Transcript — Episode 1: Top 10 High-End GPUs Approaching Retirement

Episode 01 March 14, 2026 ~10 min listen

Top 10 High-End GPUs Approaching Retirement: Market Values & What to Do Now

Host Pete Paisley breaks down the Ampere-generation retirement wave — covering A100, RTX 3090, A6000, A40, V100, and P100 — with current secondary market pricing and actionable Q2 2026 recommendations for buyers, sellers, and asset managers.

Host Pete Paisley

NVIDIA A100 80GB — The Data Center Workhorse

Pete Paisley

Welcome back to the GPU Pulse, your weekly deep dive into the graphics processing market where we track the heartbeat of the hardware that powers AI, gaming, and everything in between. I’m your host, Pete Paisley, and today is March 14th, 2026. If you’ve been watching the GPU market lately, you know things are interesting. We’re seeing a massive migration happening right now.

Enterprises retiring Ampere generation hardware, the RTX 3090 becoming the darling of the secondary market, and some legacy GPUs that are basically on life support. Today we’re breaking down the top 10 high-end GPUs approaching retirement age, their current market values, and what this means to you if you’re buying, selling, or managing GPU assets.

Let’s start with the elephant in the room — the data center workhorse that’s finally getting put out to pasture: the NVIDIA A100 80GB. Launched in 2020, the A100 is now five to six years old, putting it right at typical retirement age for enterprise hardware. And here’s what’s fascinating: despite being old by tech standards, these cards are still commanding $12,000–$20,000 in the secondary market. That’s 40–50% depreciation from peak pricing, but we’re talking about a GPU that originally cost $10,000–$15,000.

Why is it holding value so well? Three reasons: memory, memory, and memory. That’s 80GB of HBM, and it’s still incredibly valuable for mid-sized AI training workloads — think models up to 70 billion parameters. Plus there’s an HBM shortage right now, keeping prices elevated across the board. Research institutions, startups building multi-GPU clusters, and organizations that need serious compute but can’t justify H100 pricing — the A100 is a sweet spot for a lot of these use cases.

💡 Pete’s Take

If you’re holding A100 inventory, you’re in a good position right now — but watch the Blackwell rollout closely. When B200 volume ramps up, it’s going to push Hopper pricing down, which will cascade into Ampere. Hold for now, but be ready to move by Q3 or Q4 2026.
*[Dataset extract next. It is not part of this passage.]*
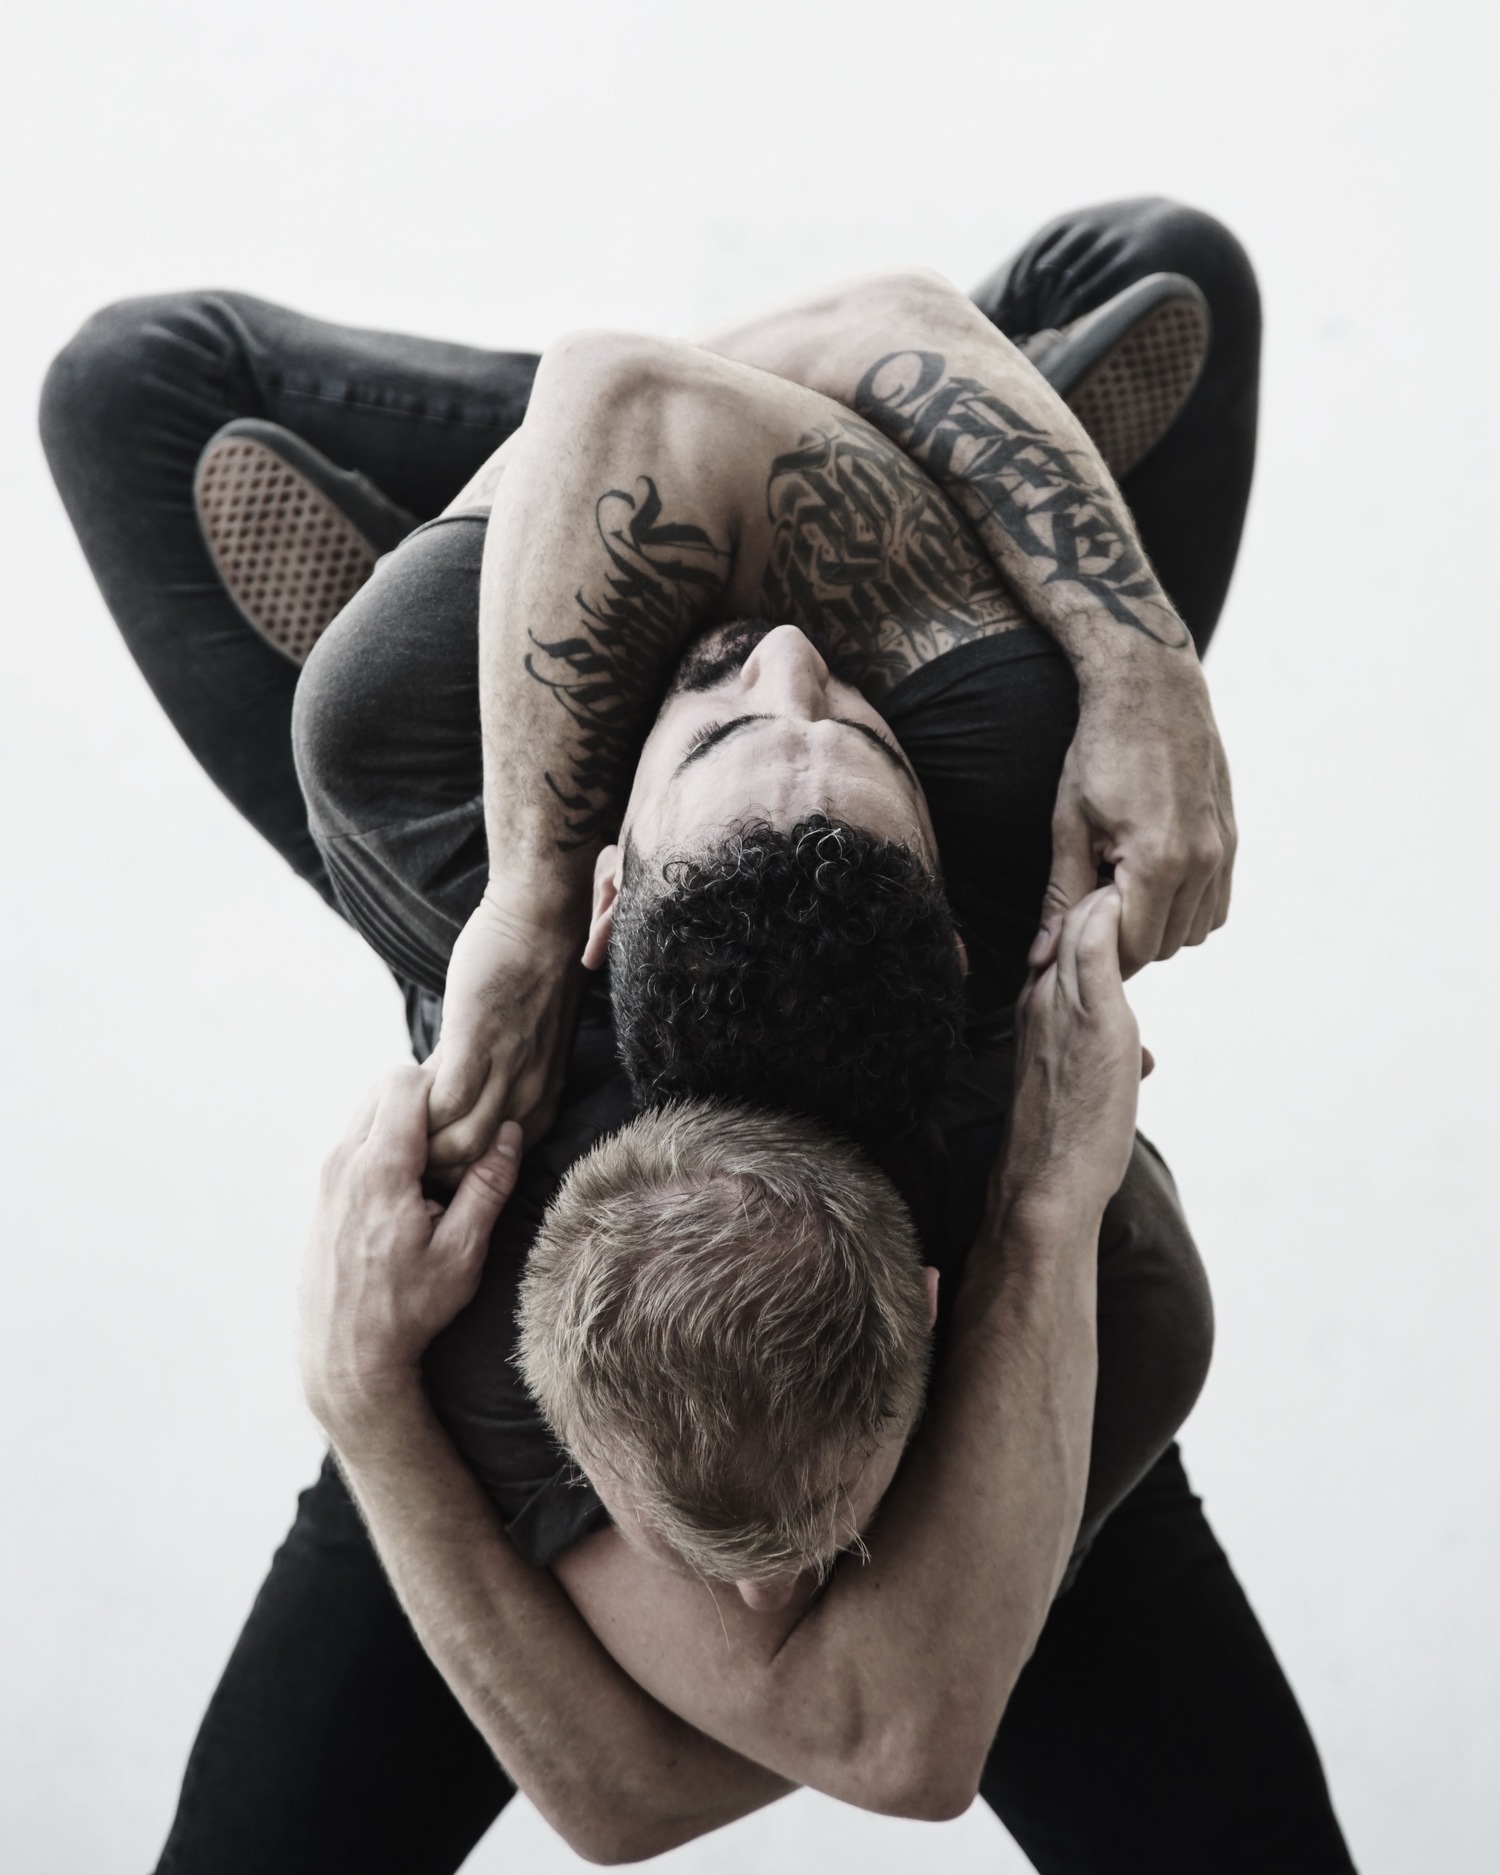 A FUSION OF CONTORTION, HIP-HOP, THREADING, BREAKDANCING AND CONTEMPORARY DANCE. Dance St. Louis kicks off its 53rd season with an arousing presentation of Wewolf, the LA-based company of award-winning international artists James Gregg and RubberLegz (aka Rauf Yasit).

RTX 3090 — The People’s Champion of the Secondary Market

Pete Paisley

The RTX 3090 launched in September 2020 at $1,499. Today — five and a half years later — it’s selling for $800–$1,000. That’s 47–53% depreciation, which honestly isn’t bad for a consumer GPU that’s been through a crypto boom, a pandemic, and multiple generational cycles.

Here’s why the 3090 is the card to watch: 24GB of VRAM at a consumer price point. You can’t get that anywhere else without spending significantly more. The RTX 4070 and 5070 have 12GB. The RTX 4080 has 16GB. If you’re running local AI models — Llama 270B, Stable Diffusion XL, anything that needs serious memory — the 3090 is your best bang for the buck.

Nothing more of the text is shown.